Pawed and propositioned, the forgotten victims

Sarah Ditum

The women on the Golden Globe red carpet looked different this year. It wasn’t only about what they were wearing (black); but about who they were. Eight of them were activists, brought as guests. These included the woman who coined “me too”, Tarana Burke; Saru Jayaraman, an advocate for restaurant workers, with Amy Poehler; and Monica Ramirez, who campaigns for female farm labourers, joining Laura Dern.

Despite a media tendency to treat #MeToo as a celebrity story, the women at its centre have always insisted that its focus is much wider: not one monstrous Weinstein, but a whole patriarchal system that crushes women in the workplace. As Scarlet Harris, women’s equality officer at the Trades Union Congress (TUC), points out, there’s not such a gulf between Hollywood and the world of low-paid employment when it comes to sexual harassment. “When you look at the cases of [actors] Mira Sorvino and Ashley Judd, they had effectively been blacklisted,” she says. “It’s exactly the same situation as an agency cleaner who knows that the agency won’t give her work if she’s seen to cause problems for one of their clients.”

Women’s vulnerability in the workplace isn’t about sex alone, but also the way in which sexism interacts with the kinds of jobs that women do. “Casualisation” – the shift to zero-hours, fixed-term or agency employment – is particularly prevalent in female-dominated sectors such as social care, retail, catering, cleaning and hospitality. Precarity means vulnerability. A woman who knows she can’t pay the rent if she doesn’t get the next shift is a woman with a heavy incentive to keep her mouth shut. More than half of women said they had experienced sexual harassment ranging from dehumanising comments to physical assault, according to a 2016 TUC report. But four out of five did not report it to their employers.
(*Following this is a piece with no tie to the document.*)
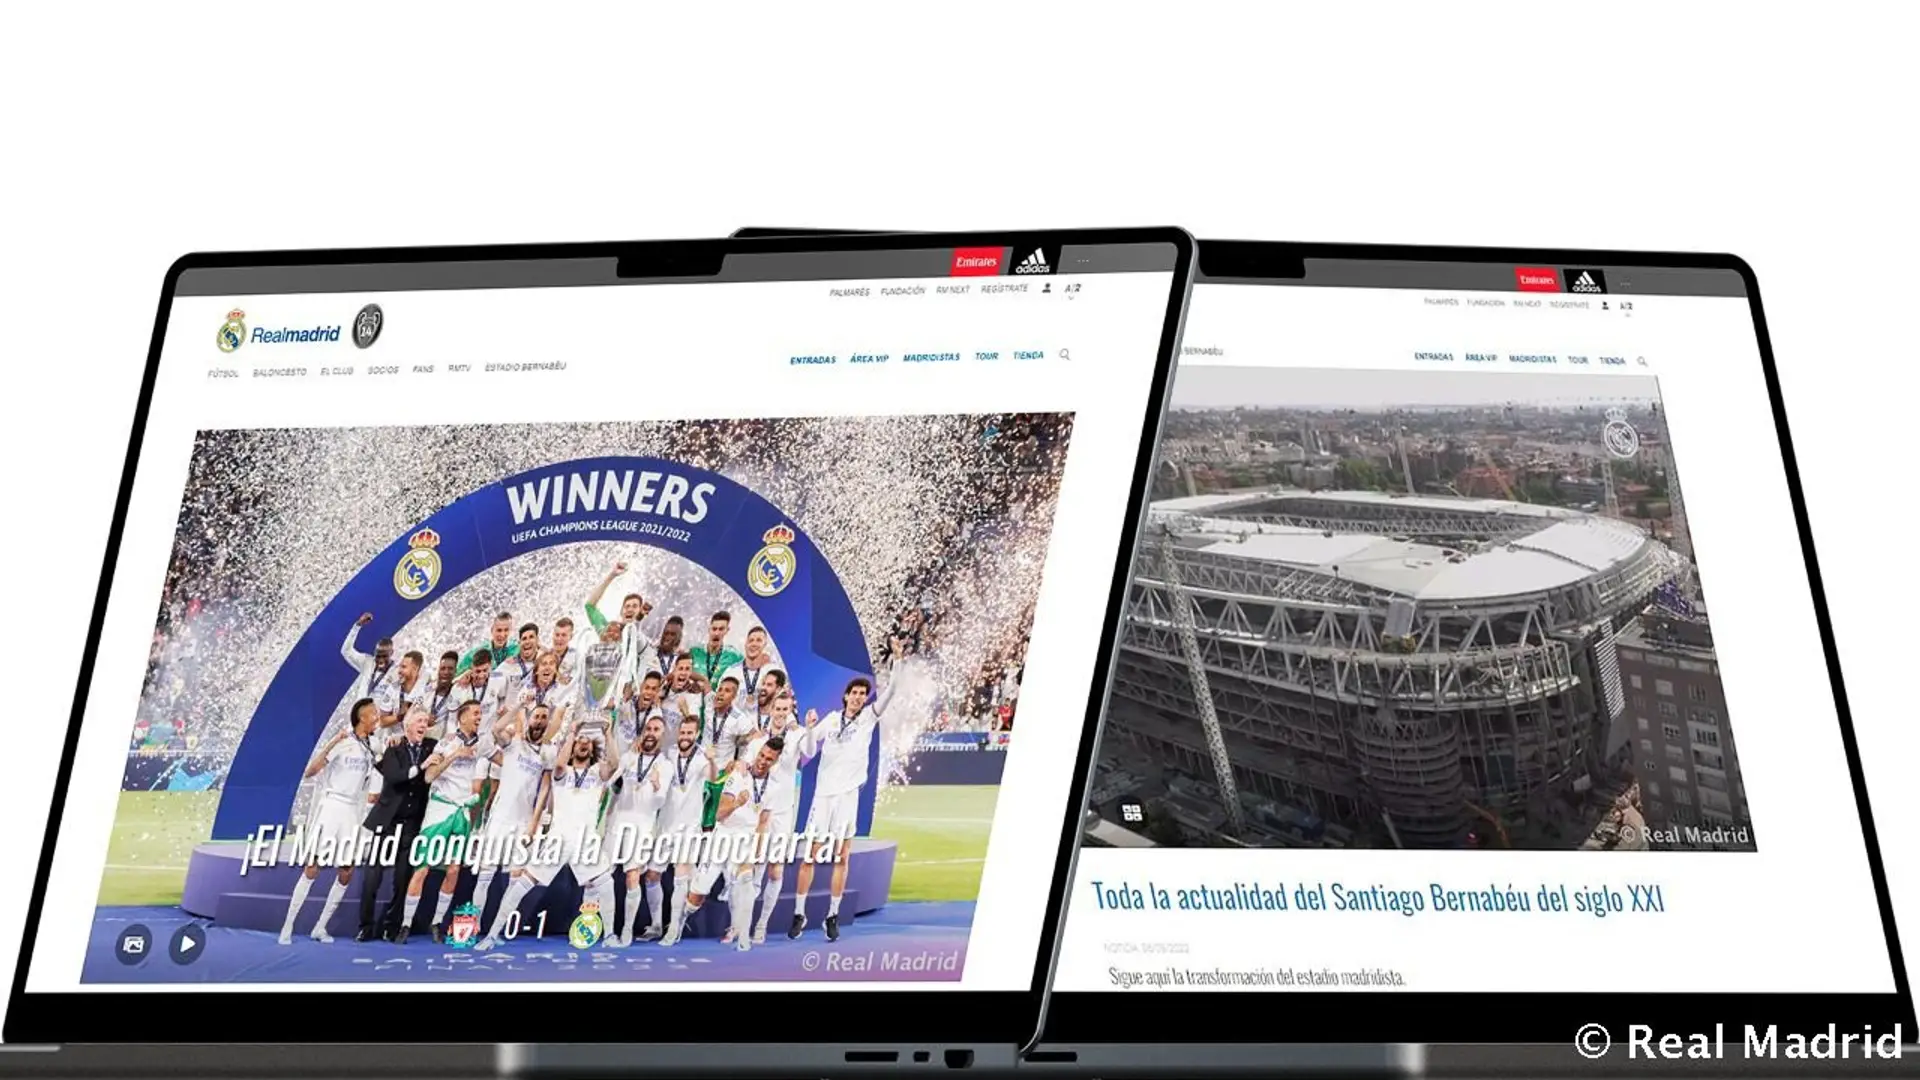 Die offizielle Website von Real Madrid ist die meistbesuchte der Welt unter den Fußballvereinen
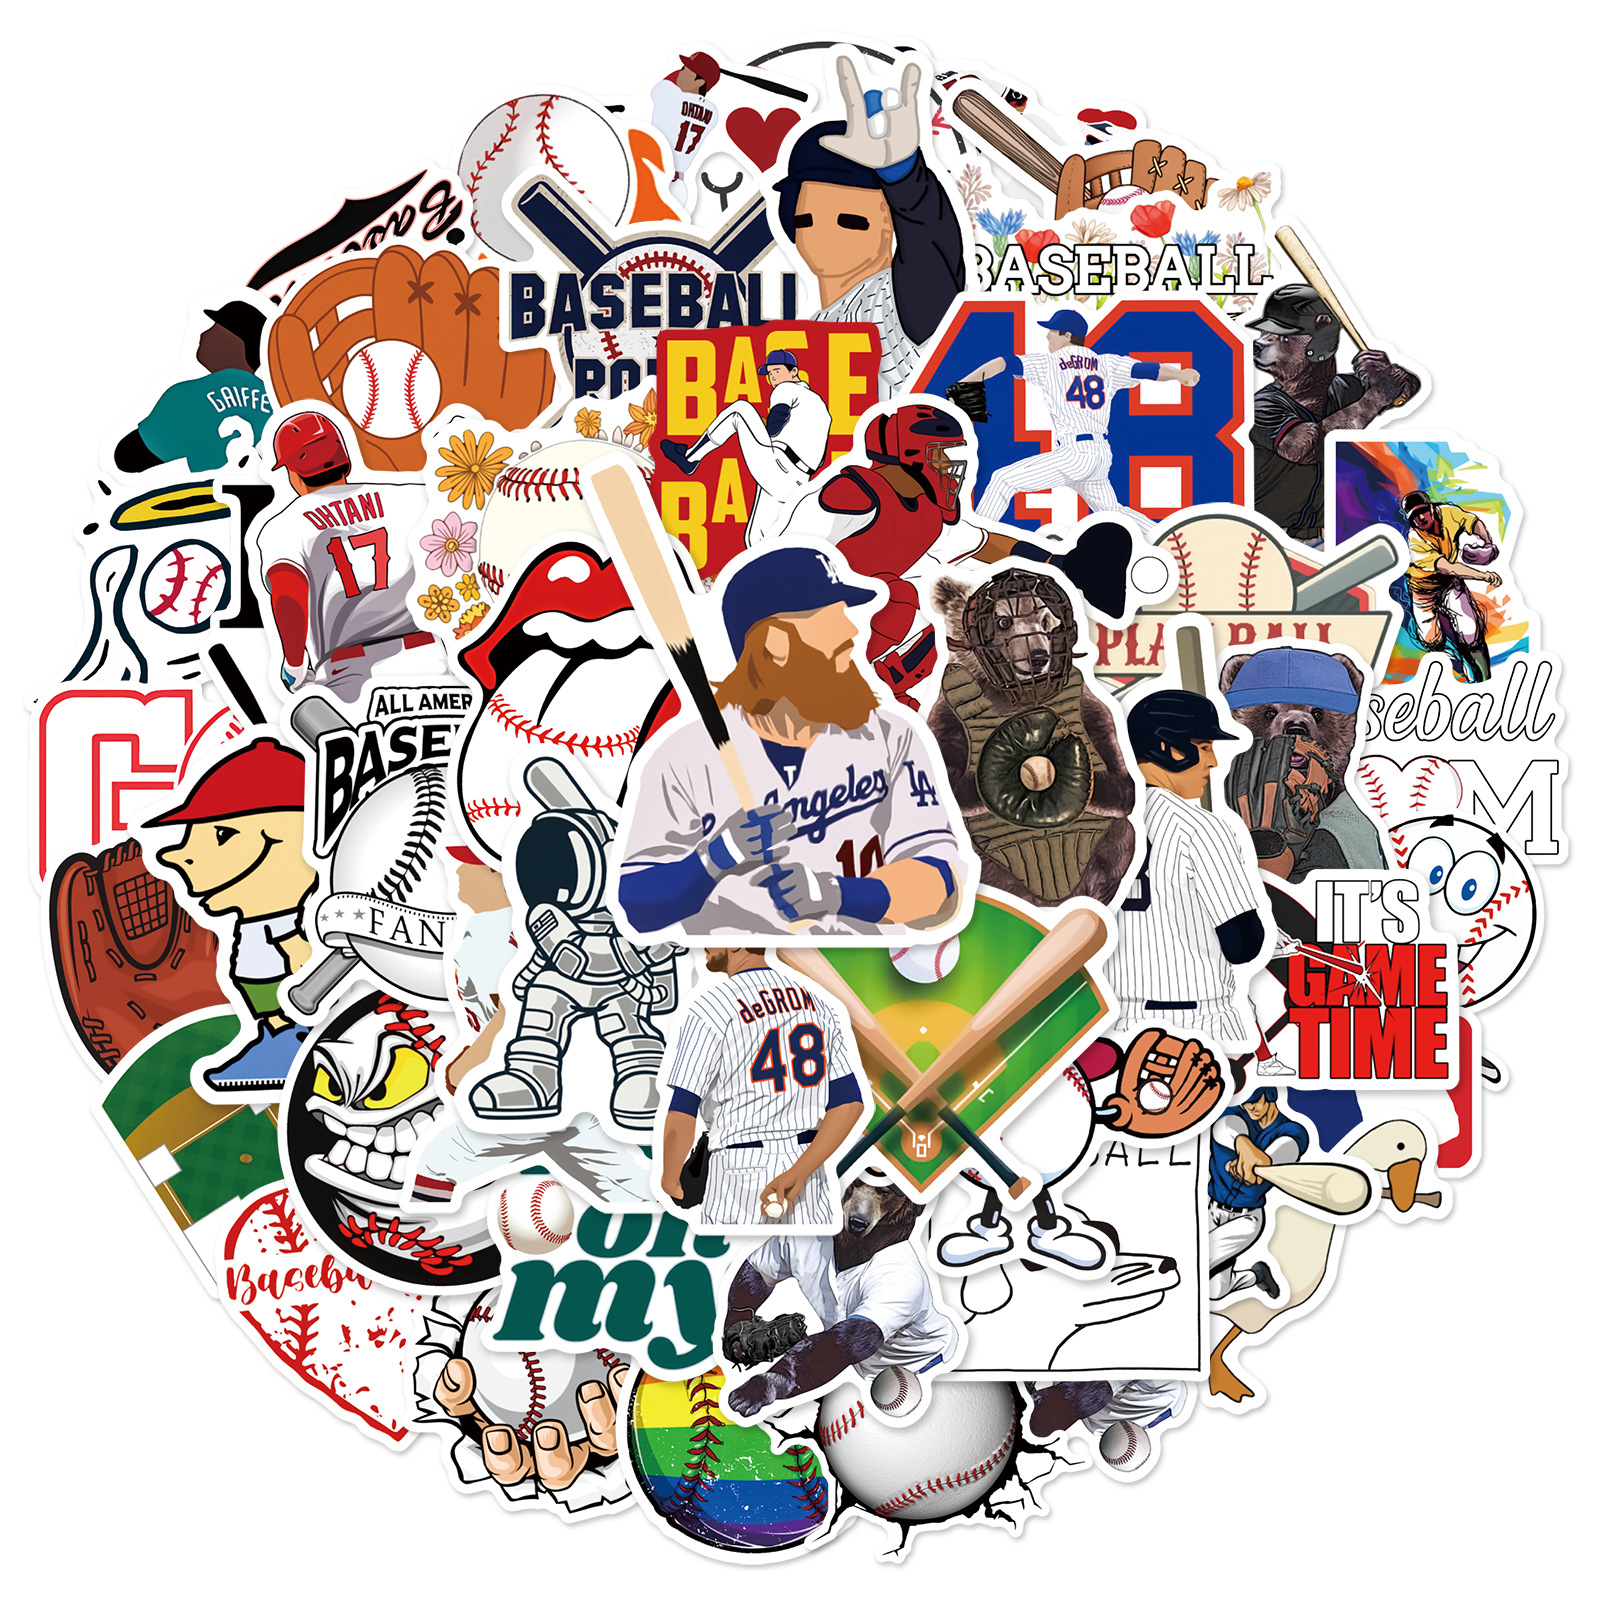  бейсбол Major League MLB большой Lee g Professional Baseball Koshien бейсбол лампочка для софтбола лампочка наклейка стикер 50 листов HQ

Another problem is that women’s legal recourse was drastically curtailed under the coalition government. Section 40 of the Equality Act 2010 placed a legal duty on employers to protect employees from “third-party harassment” – that is, abuse by a customer, patient or client. This is important for low-paid women, who are often put into intimate contact with the public. Think of the female servers, groped and propositioned at the Presidents Club dinner, as exposed by the Financial Times. Or a female care worker, going into a client’s home alone. But in October 2013, Section 40 was repealed to “cut red tape”.

What the government actually cut were women’s rights. Take the case of Caitie, who works at a concession stand in Silverburn shopping centre, Glasgow. One day this summer, on her walk into work, a man exposed himself and masturbated at her. She reported this to the police, to no avail. Then he started appearing at her workplace, staring at her. Silverburn management told her the man was a “welcome shopper” and declined to act. Without Section 40, there’s nothing to compel an employer to place a female employee’s safety first.

Caitie’s experience has come to public attention because her father, Neil Mackay, is a journalist, and has written about it for the Herald newspaper. But many more women suffer with shame-soaked discretion. That is the point of sexual harassment, says Harris: “The whole purpose of it is to humiliate and to demean, and ultimately there’s a lot of stigma attached.” Many women will conclude that there are more costs than benefits to coming forward.

Another issue is that many women are simply not aware of their rights. Having a policy on sexual harassment is one thing, but unless a company is educating its personnel and actively enforcing the rules, the policy is simply empty words on the corporate intranet.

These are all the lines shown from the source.